→ **Problem**
The listing below is to be written out word for word, minus its images.

→ **Data excerpt**

######

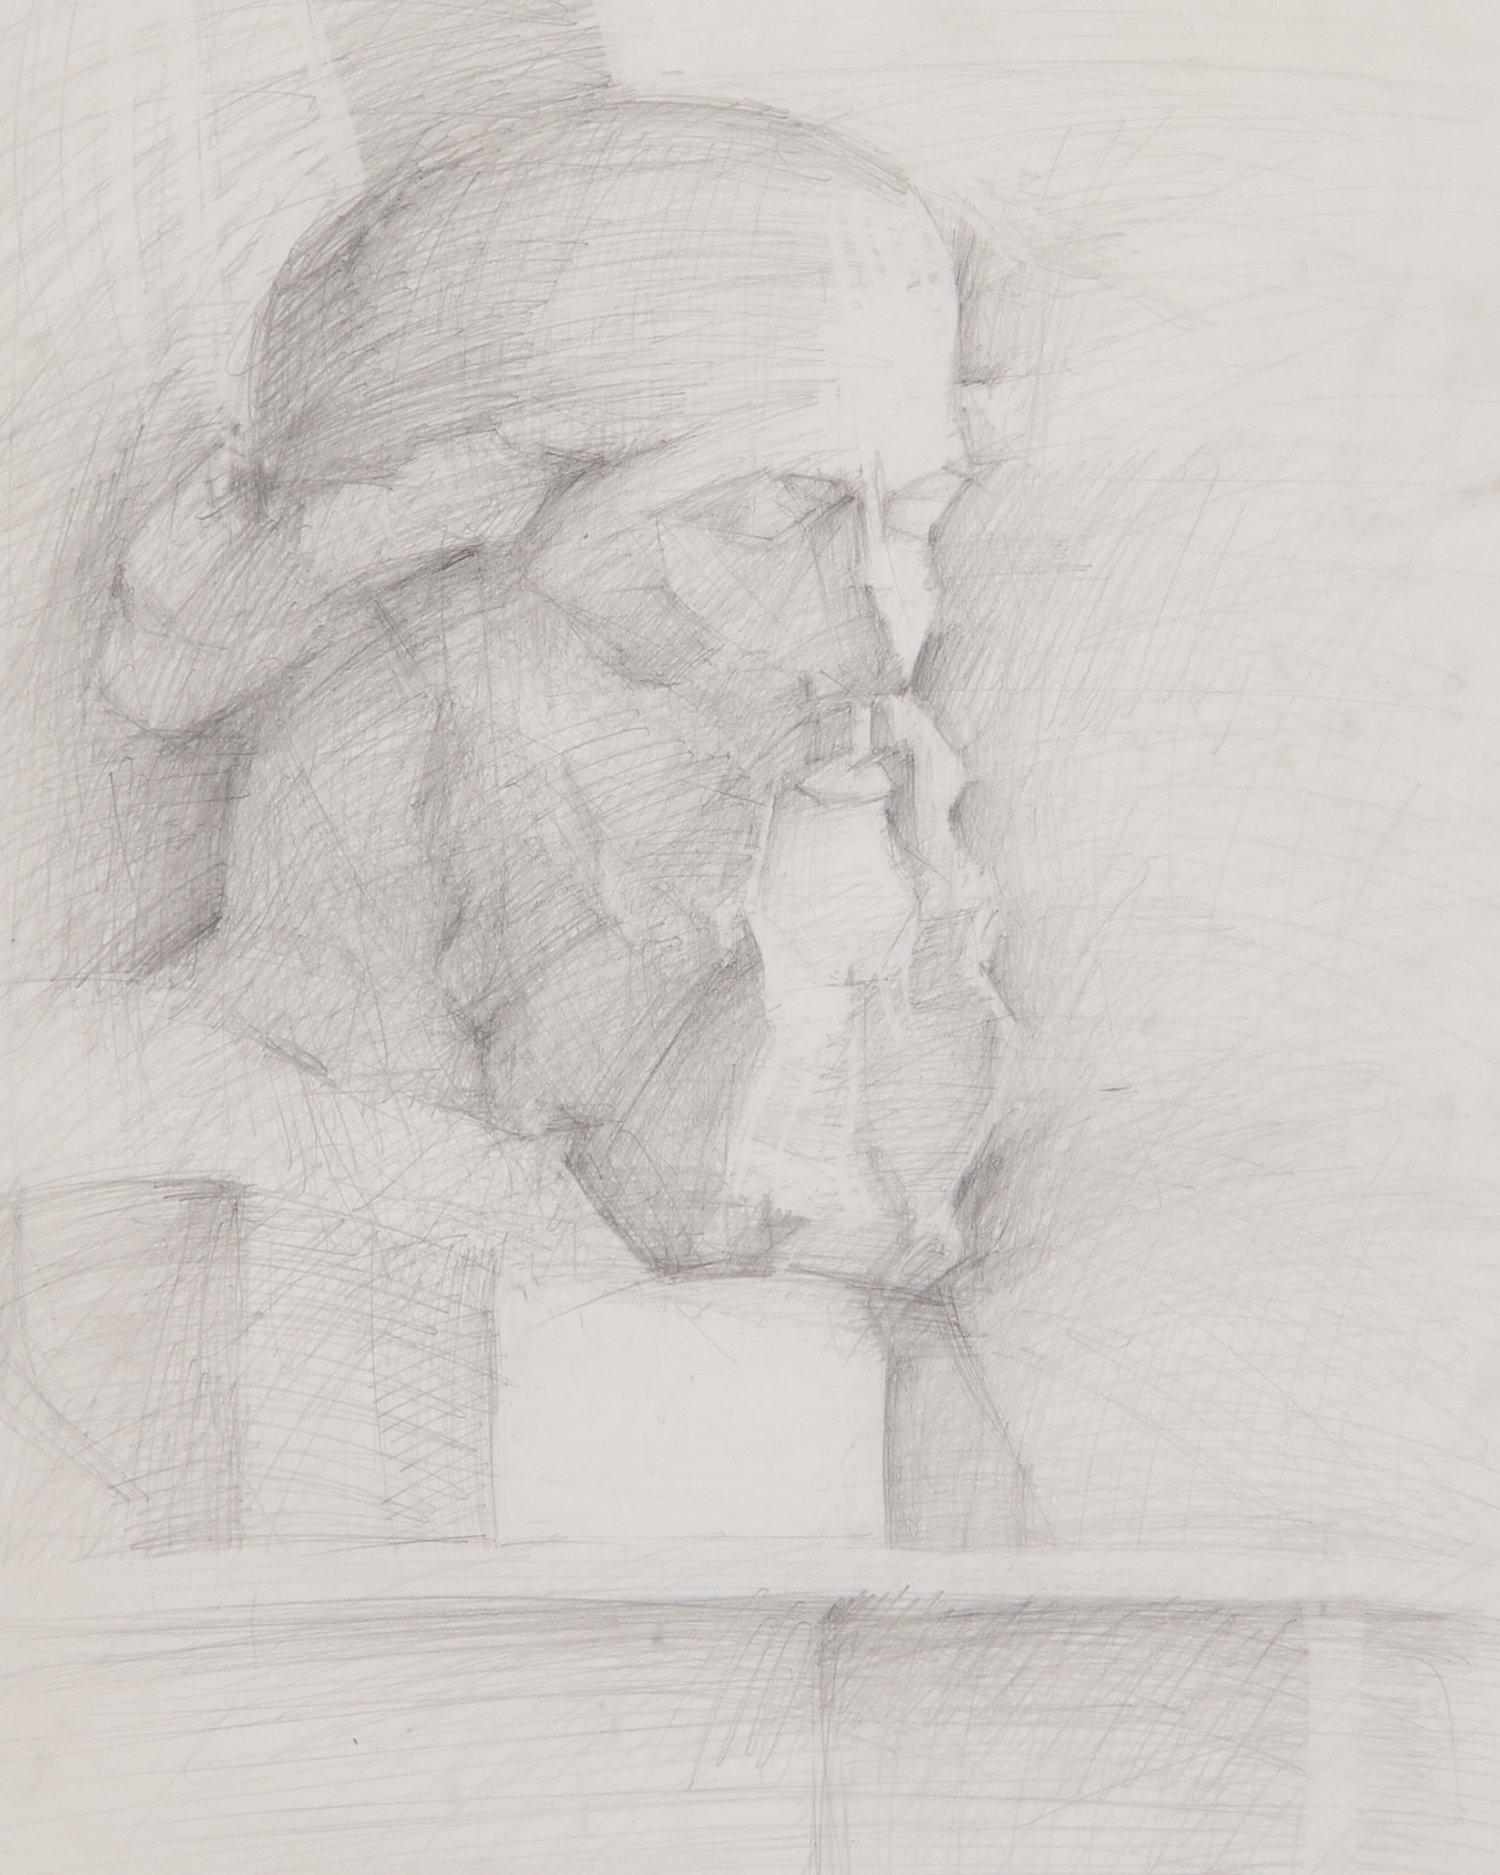 While in Athens, Greece we came across an artist portfolio bursting at the seams with thoughtful pencil sketches. We imagine this artist spent much time in the museums of Athens, perfecting his techniques. This is one in a series of 10. 

We’ve
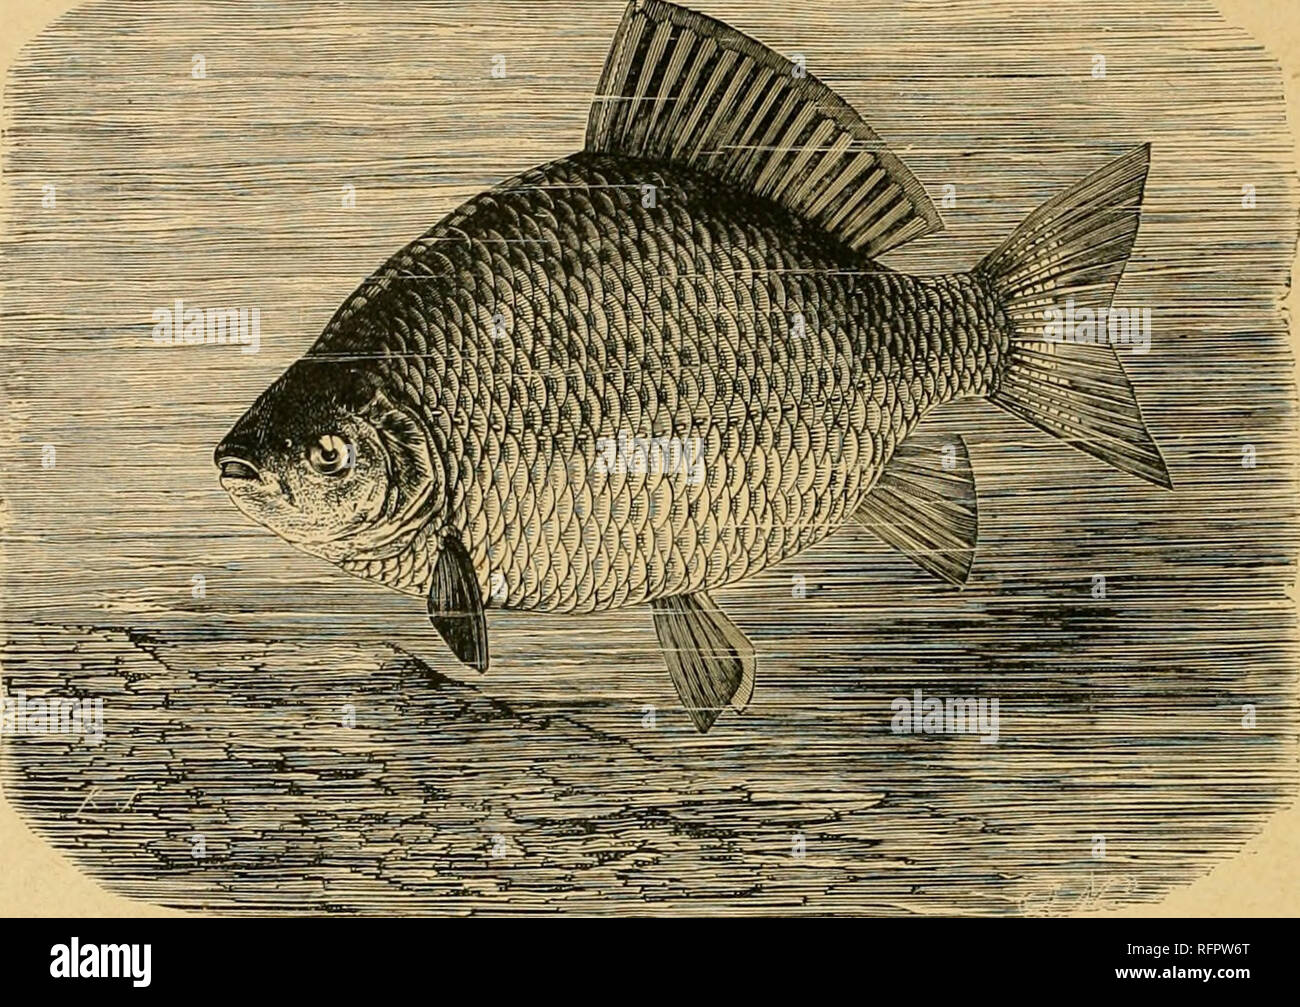 Cassell's natural history. Animals; Animal behavior. 126 NATURAL HIHTOJiT.  Formosa, and Java. It does well in brackish water, and attains a large size  in the Caspian Sea. The Carp is long-lived,

######

→ **Solution to this exercise**
 While in Athens, Greece we came across an artist portfolio bursting at the seams with thoughtful pencil sketches. We imagine this artist spent much time in the museums of Athens, perfecting his techniques. This is one in a series of 10. 

We’ve
 Cassell's natural history. Animals; Animal behavior. 126 NATURAL HIHTOJiT.  Formosa, and Java. It does well in brackish water, and attains a large size  in the Caspian Sea. The Carp is long-lived,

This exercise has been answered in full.